CEFR under construction, 2003–2004. Credit IAEA
I just came across an interesting article from Nuclear Engineering International magazine from January indicating that China has broken ground and moving forward quickly on an experimental 65 MW fast-neutron nuclear reactor. The goal of the $350 million China Experimental Fast Reactor is to test and “accumulate experience on fast reactor design, construction and operation.” If China brings the CEFR online in 2010 – as is planned – it will be only the third power-generating fast reactor in the world. Another one is supposed to be up and operating this year in India, and planning is under way for one in Japan and Russia.
Fast reactor testing and construction on various scales has been around since the 1940s. The technology used in these reactors is considered superior because they use sodium as a coolant instead of water. The resulting “fast” neutrons have less tendency to be captured by uranium atoms and be converted to plutonium or higher actinides. The CEFR will use 260 tons of liquid sodium.
Obviously, interest in the fast reactors is fairly high given the pressure to use nuclear power as an alternative to high CO2 emitting fuels and as a stopgap until clean renewables achieve wider integration and market penetration.
The fuel used in the CEFR is UO2 (64.4% U-235).
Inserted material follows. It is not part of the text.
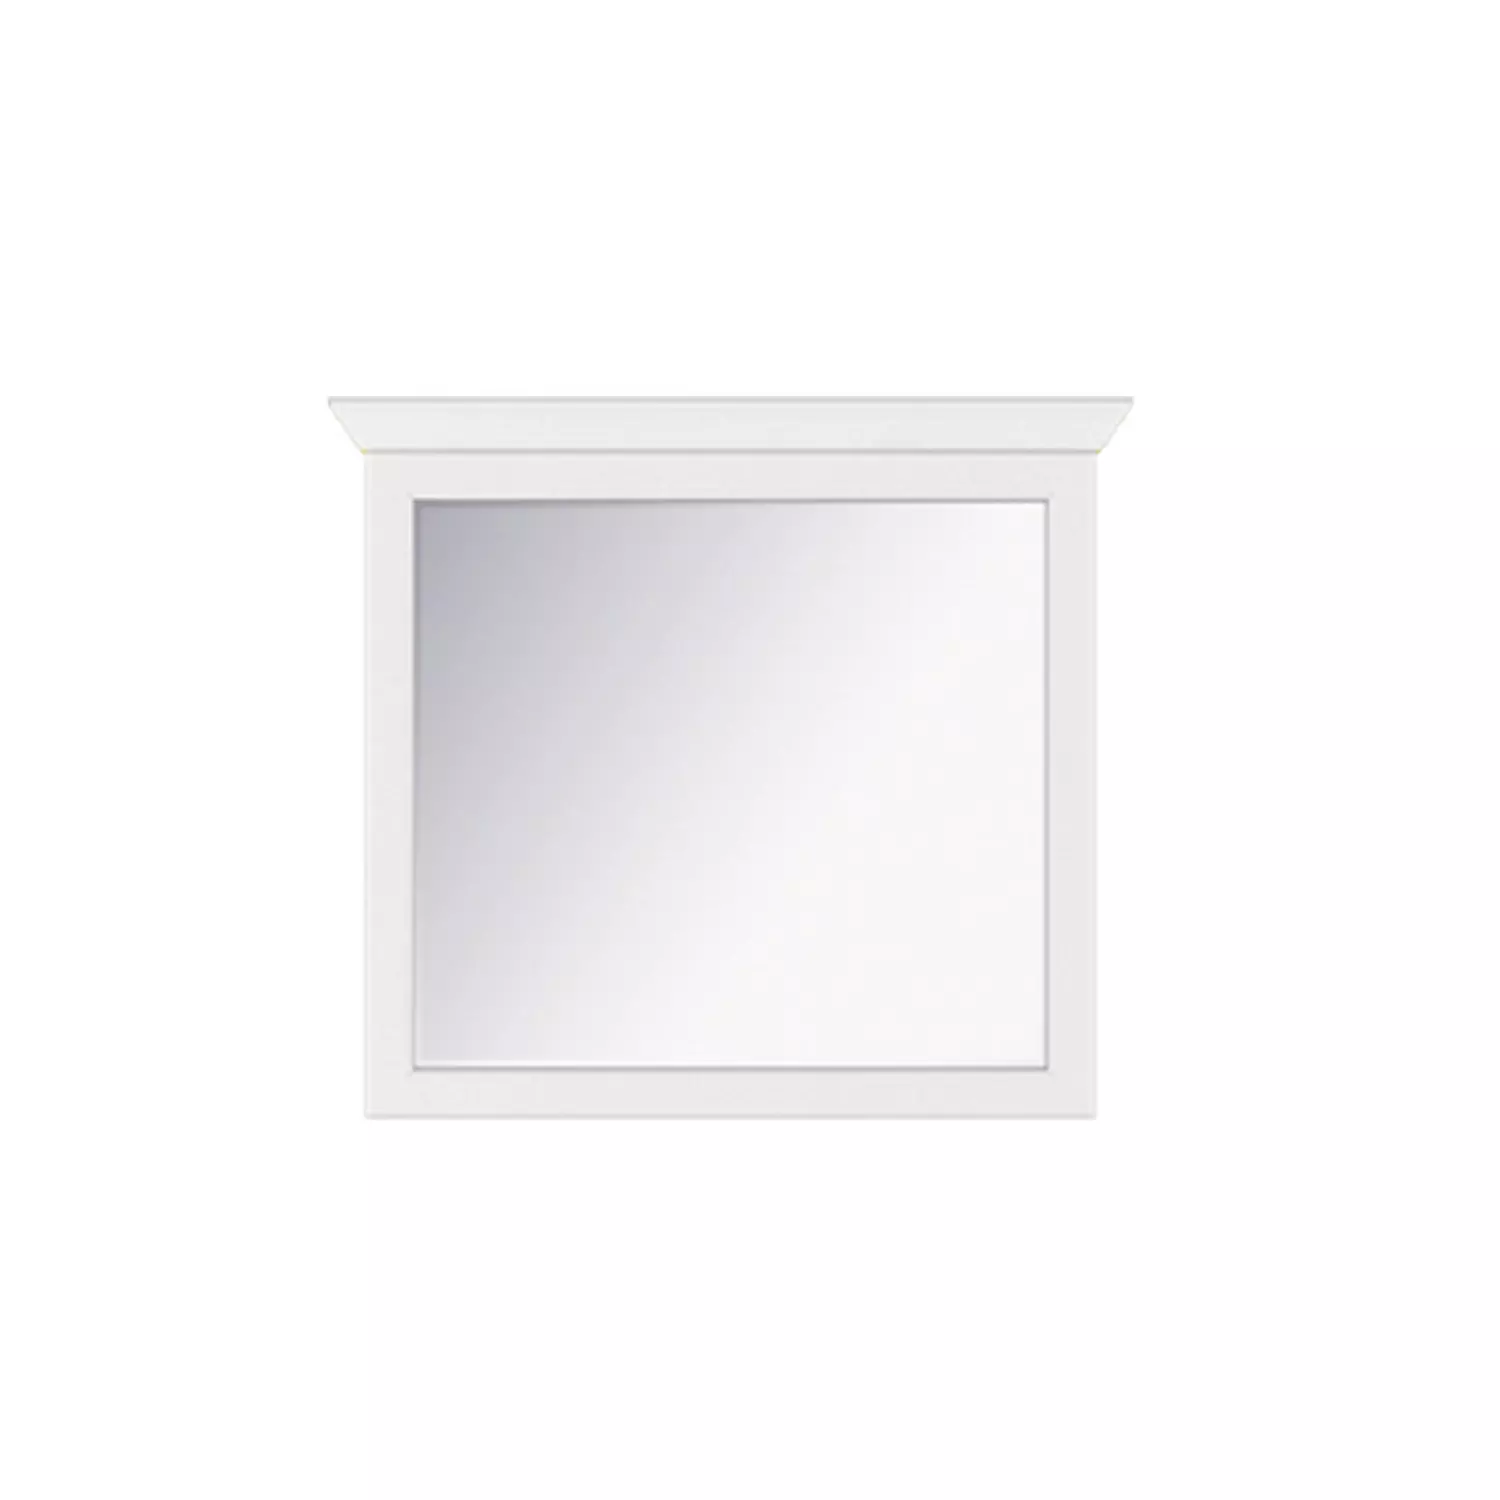 KLEO 001-1 tükör fehér
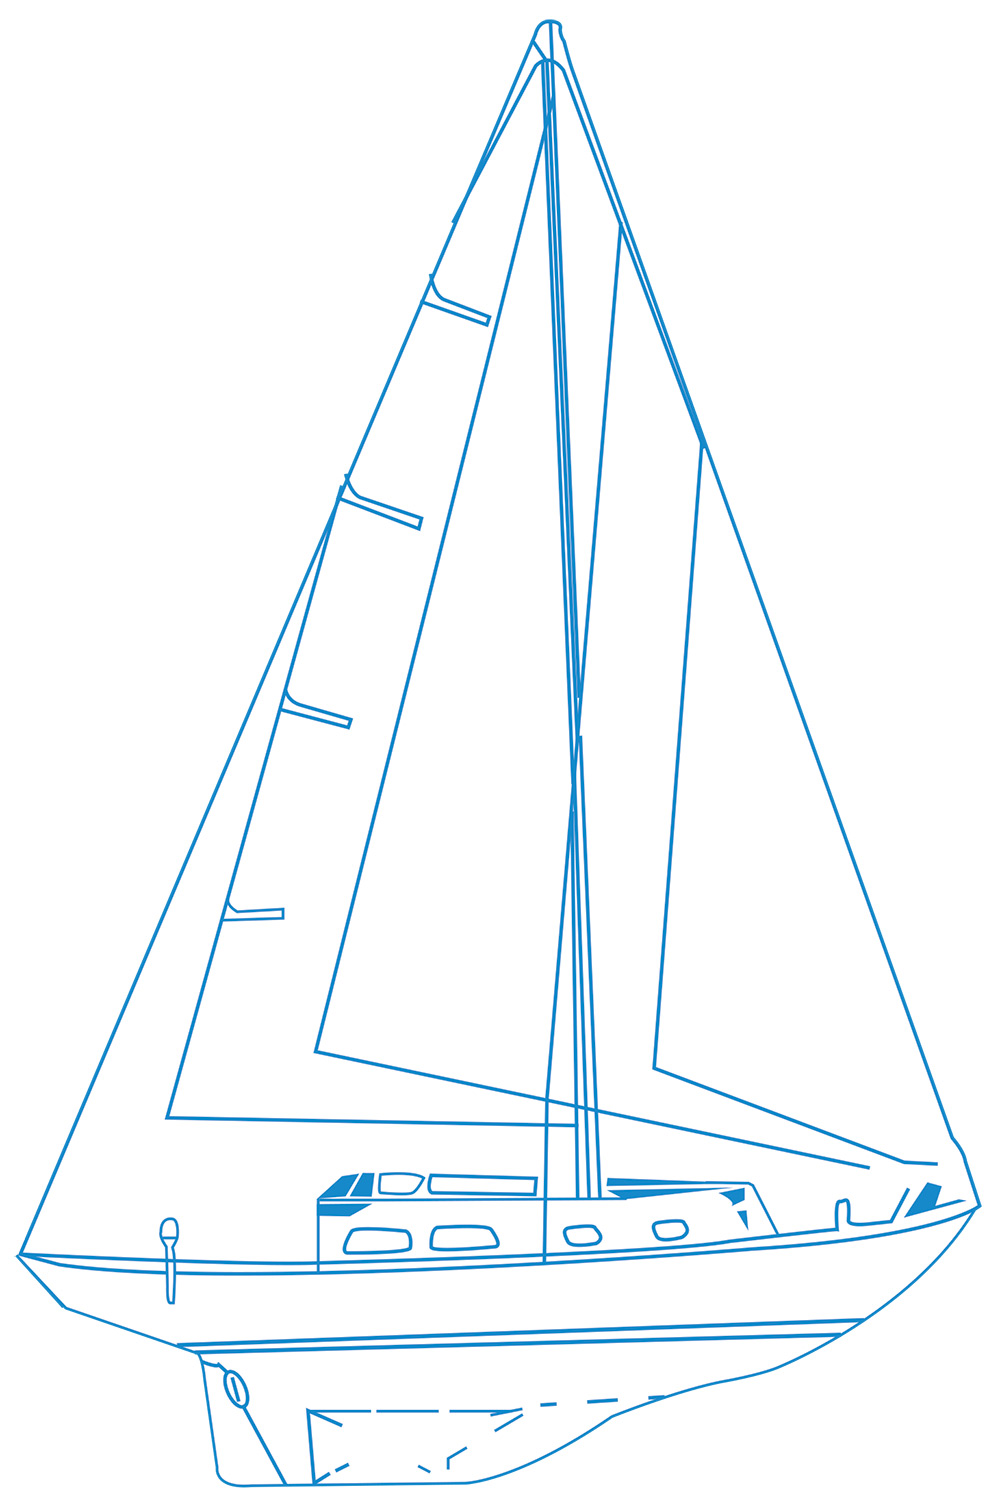 32 foot bristol sailboat

From a review of other literature quickly available, it’s unclear to me if CEFR would be considered to be a full “closed fuel cycle” type of facility, but its clear from this 1995 IAEA paper that it has always been the intention to have the facility be used for the transmutation of minor actinides to reduce the long-term radiological hazards.
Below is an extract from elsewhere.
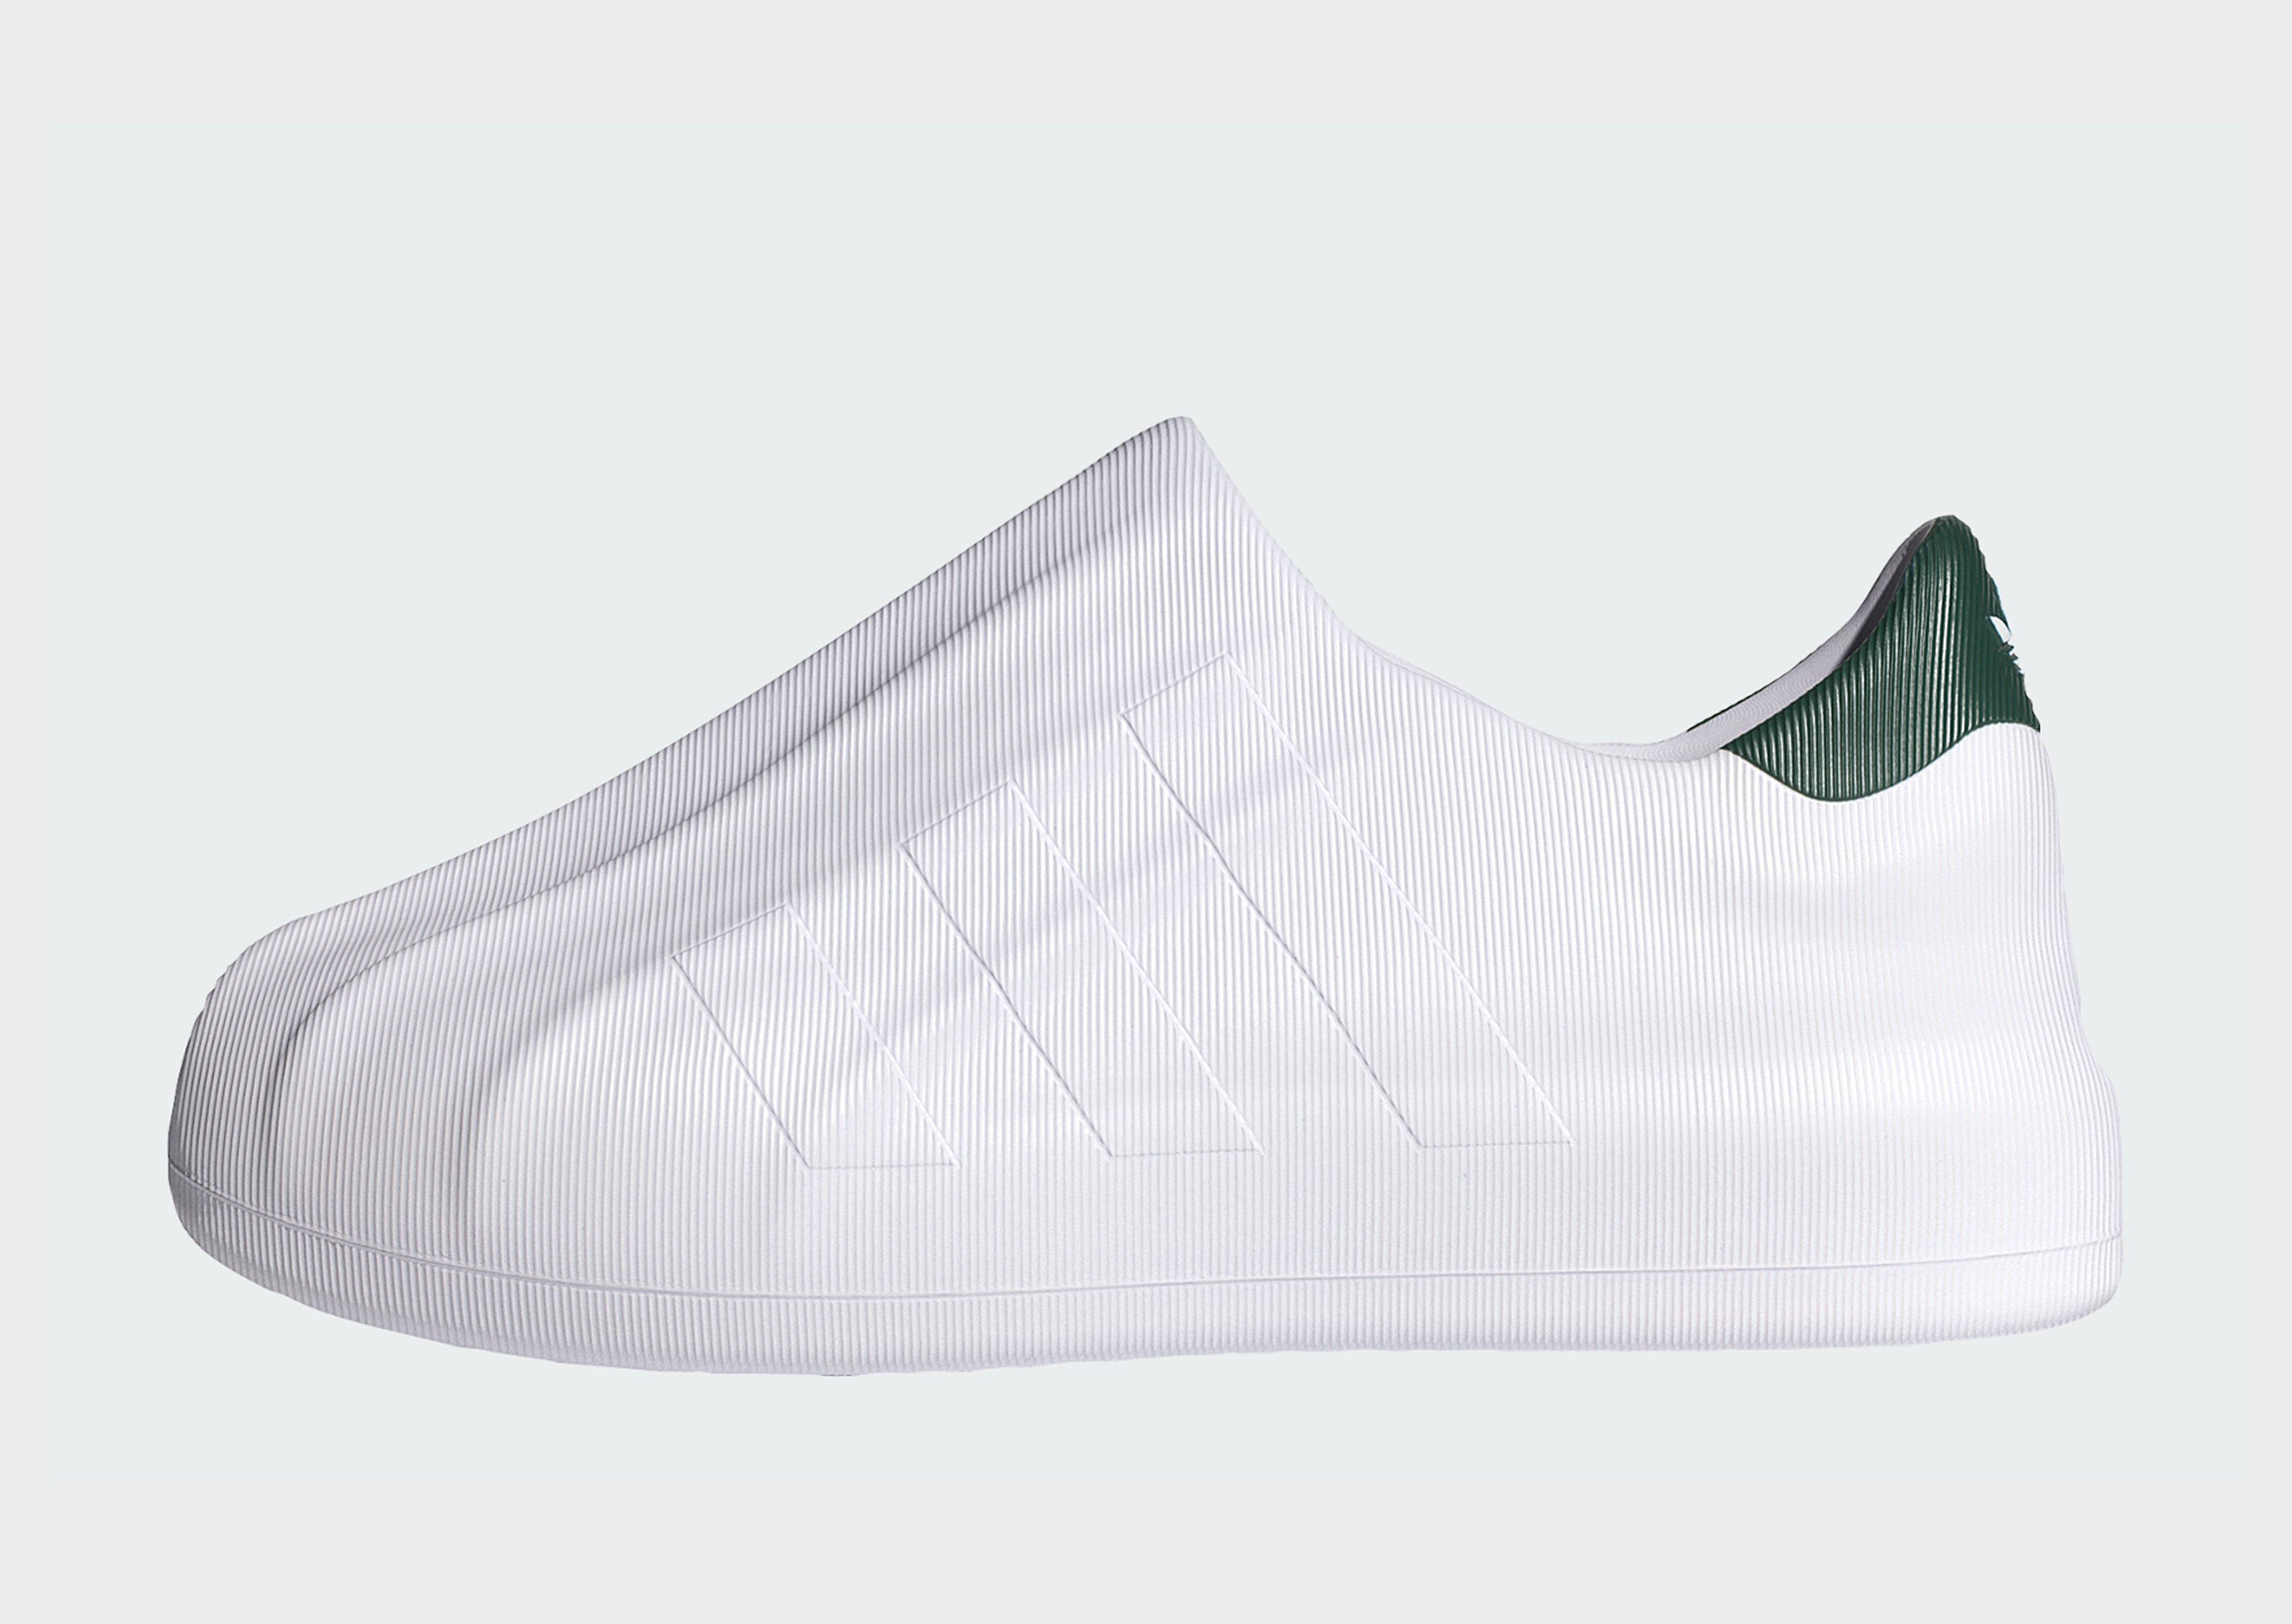 adidas Originals Superstar Shoes: adiFOM Slip On & Sneakers - JD Sports  Australia

In the case of a power failure, the CEFR has been designed with two independent, passive decay heat-removal systems using the natural convection and circulation of primary and secondary sodium and natural air cooling.
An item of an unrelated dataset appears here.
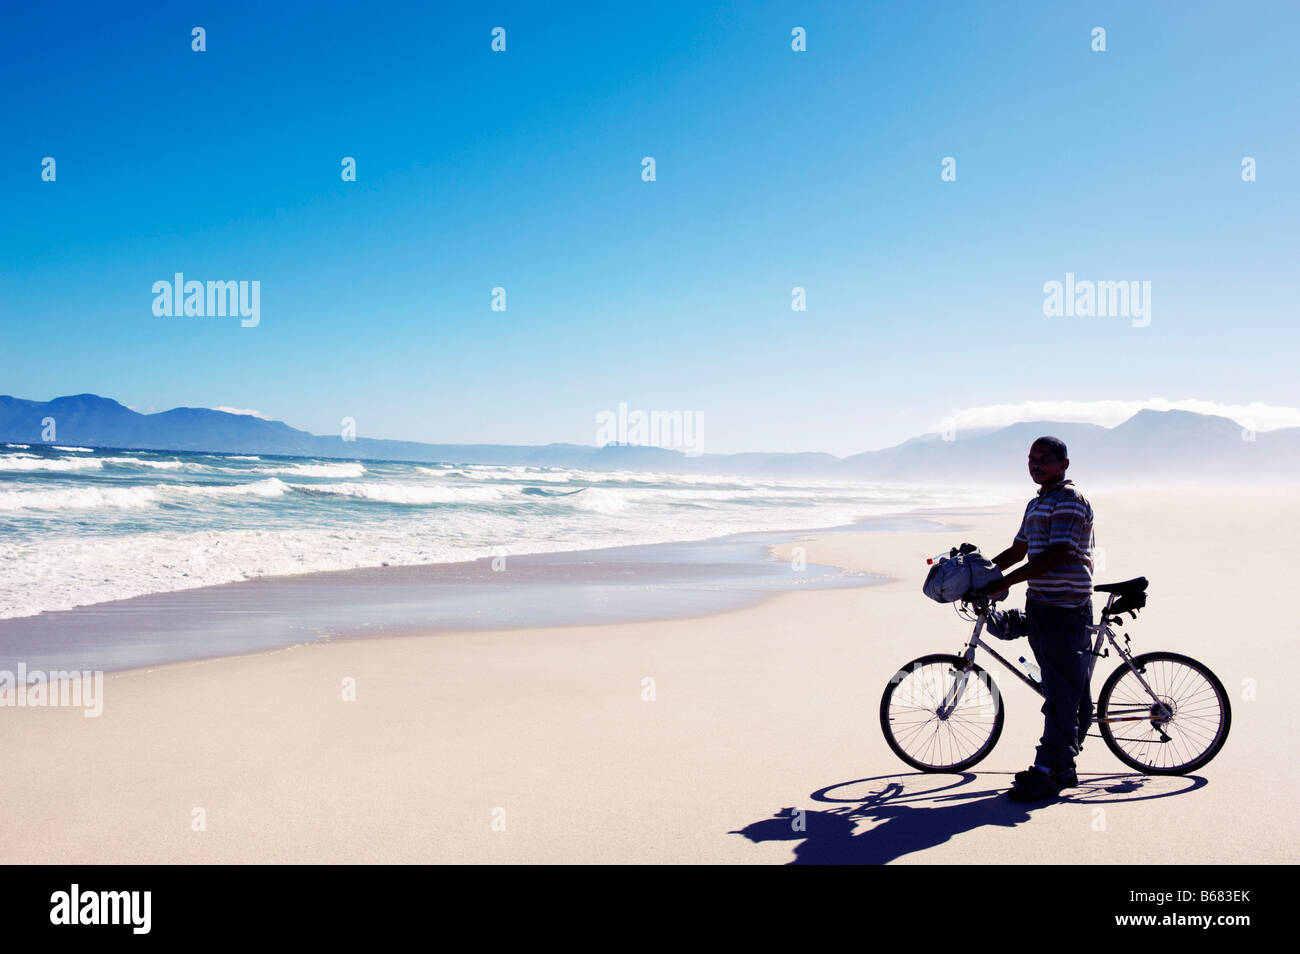 Black man with bike standing on beach Stock Photo

Apparently China will be building another demonstration fast reactor around 2020. After that, the nation plans to build a commercial-type fast reactor. Scaling up the size is important piece of China’s energy plans as the nation hopes to have a 1000-1500 MW reactor completed in 2028 and deployed before 2035. The article also notes that China wants to replace coal-fired power plants with fast reactors “in large scale after 2050.”
This video, produced by the Science Channel with the assistance of Argonne National Lab, discusses some of the work being done to perfect closed-cycle “fast” nuclear reactors. Nearly all reactors used for energy production are based on a light-water reactor model that are inefficient (fuel rods must be replaced after only 5% of the uranium-235 has been used) and create wastes with very long half lives.
Instead of using water, fast reactors employ a coolant – typically liquid sodium – that doesn’t slow down neutrons. The resulting “fast” neutrons have less tendency to be captured by uranium atoms and be converted to plutonium or higher actinides.
ANL’s fast reactors treat spent reactor fuel not as waste but as a rich source of recycled energy. Because they permit the reprocessing of spent nuclear fuel, fast reactors can operate through what is known as the “closed fuel cycle,” which dramatically increases the efficiency of uranium use and minimizes the discharge of plutonium and minor actinides as waste. A closed fuel cycle could - at least theoretically - use 90 percent of the energy available in uranium.